This is a pretty standard risotto, minus the rice obviously. Risotto is usually simmered down with wine, broth, onion, and garnished with Parmesan, and it’s so good as is (it’s the most common way to cook rice in Italy), I figure, why mess with a good thing? If you like risotto and want a keto version, here ya go.
I like to serve this alongside a juicy, sous vide cooked steak, but don’t feel limited to dinner. My nine-year-old actually asked to eat the leftovers with eggs for breakfast, so if you’re craving a good, savory, and flavorful vegetable side, it works beyond supper.
Notes: Cremini mushrooms can be hard to find in some places, but don’t fret! Baby portobellos are creminis that have been matured slightly longer, so you can use them in a pinch. If you can clean them by brushing or wiping them off instead of rinsing, that’s the way to go. Rinsing mushrooms just adds extra moisture which means they won’t brown properly, so if you can’t get them clean by hand and need to wash, do so very briefly and pat dry right before adding them to the skillet.

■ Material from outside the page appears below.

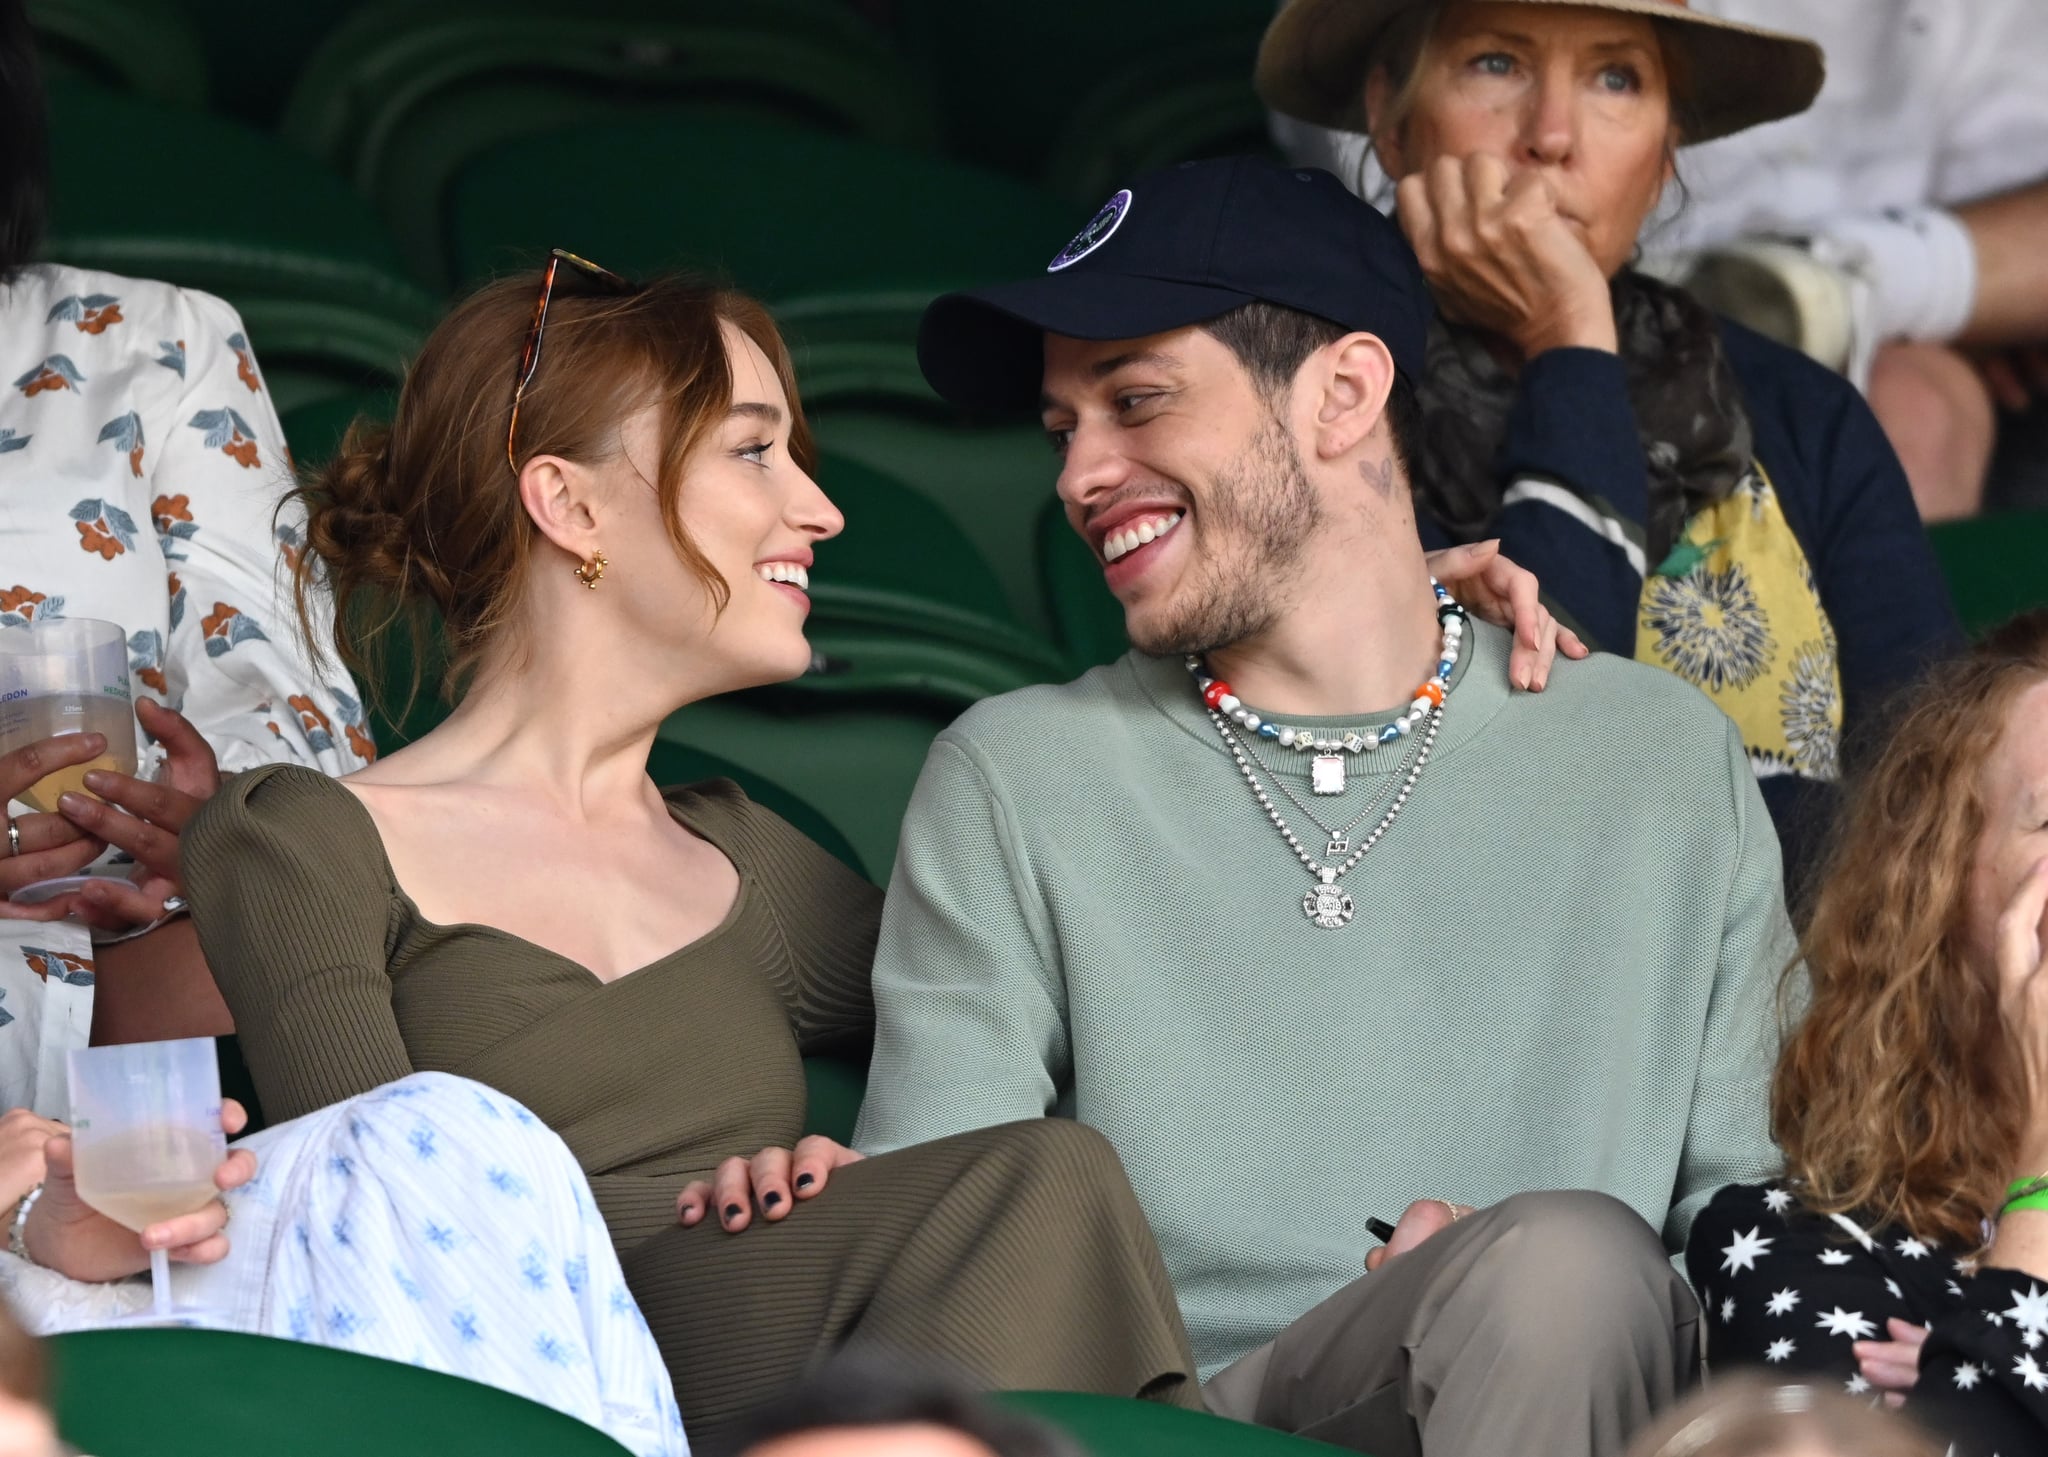 LONDON, ENGLAND - JULY 03: Phoebe Dynevor and Pete Davidson hosted by Lanson attend day 6 of the Wimbledon Tennis Championships at the All England Lawn Tennis and Croquet Club on July 03, 2021 in London, England. (Photo by Karwai Tang/WireImage)

- 2 tbsp. (1 fl oz/ 30 ml) avocado oil
- 4 tbsp (2 oz/ 57 g) salted butter, divided
- 8 oz (227 g) cremini mushrooms, cleaned and halved then thinly sliced
- 1/4 tsp sea salt, plus more to taste
- 1 3/4 oz (50 g) onion, finely diced
- 1/2 c (4 fl oz/ 118 ml) dry white wine (I used Chardonnay)
- 1 c (8 fl oz/ 237 ml) chicken broth (a dark bone broth is preferable)
- 20 oz (567 g) frozen cauliflower “rice”
- fresh black pepper, to taste
- 2 1/4 (64 g) shaved Parmesan cheese, divided
- In a large skillet, heat the avocado oil over medium-high. Once it’s moderately hot, add 1 tbsp of the butter to melt.
- Once the butter is foamy, add the mushrooms to the skillet.
- Cook the mushrooms over medium-high heat until browned and any liquid they’ve given off has cooked off. Sprinkle with 1/4 tsp salt and cook another minute or two more.
- Transfer the mushroom into a bowl and set aside.
- In the same skillet, turn the heat down to medium and melt the remaining butter until foamy, then add the onion.
- Sauté onion over medium, stirring constantly, until they’re golden brown.
- Deglaze the pan by adding in the wine and stirring well, scraping any bits from the bottom of the pan.
- Add the frozen caulirice and chicken broth to the skillet, turn the heat up to medium-high, and cook, stirring to break up the cauliflower bits.
- Continue cooking over medium-high heat, stirring frequently, until almost all the liquid in the pan evaporates and the cauliflower is cooked through, about ten minutes or so.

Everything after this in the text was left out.